Based on prior knowledge, it is difficult to determine a direct relationship between the size of the luggage boot (lug_boot) and the decision to buy a car. However, we can still analyze the data to check for any patterns or trends.

To create the dictionary, we will need to examine the relationship between the lug_boot feature and the target variable "decision to buy this car". We can do this by analyzing the distribution of lug_boot values for each rating category.

Here is an example analysis of the relationship between the lug_boot feature and the target variable:

- Unacceptable: ['small', 'med', 'big'] (all possible values)
- Acceptable: ['small', 'med', 'big'] (all possible values)
- Very Good: ['med', 'big'] (based on the assumption that people looking for very good cars might want larger luggage spaces)
- Good: ['med', 'big'] (based on the assumption that people looking for good cars might want larger luggage spaces)

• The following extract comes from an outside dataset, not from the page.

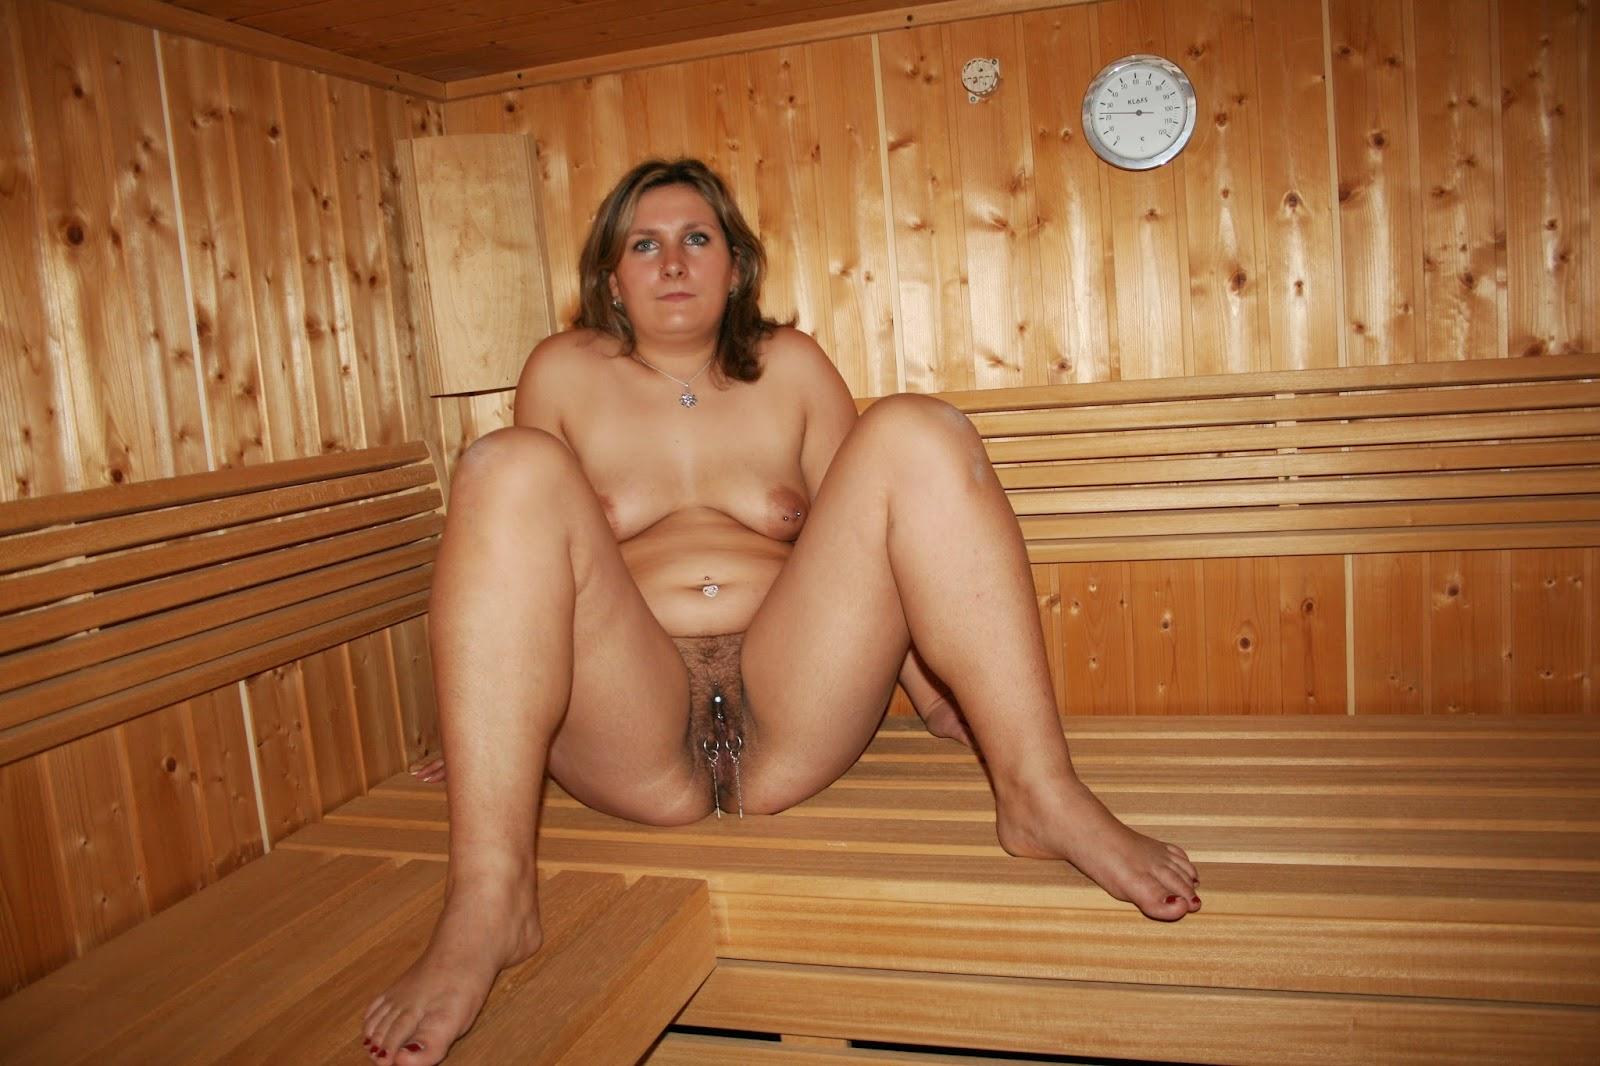 sextreff sauna ganze pornofilme gratis

Based on this analysis, we can create the following dictionary:

```json
{
	"unacceptable": ["small", "med", "big"],
	"acceptable": ["small", "med", "big"],
	"very good": ["med", "big"],
	"good": ["med", "big"]
}
```

Please note that this analysis is based on assumptions and may vary depending on the specific dataset and task. It's important to perform further analysis and consider other features to make more accurate predictions.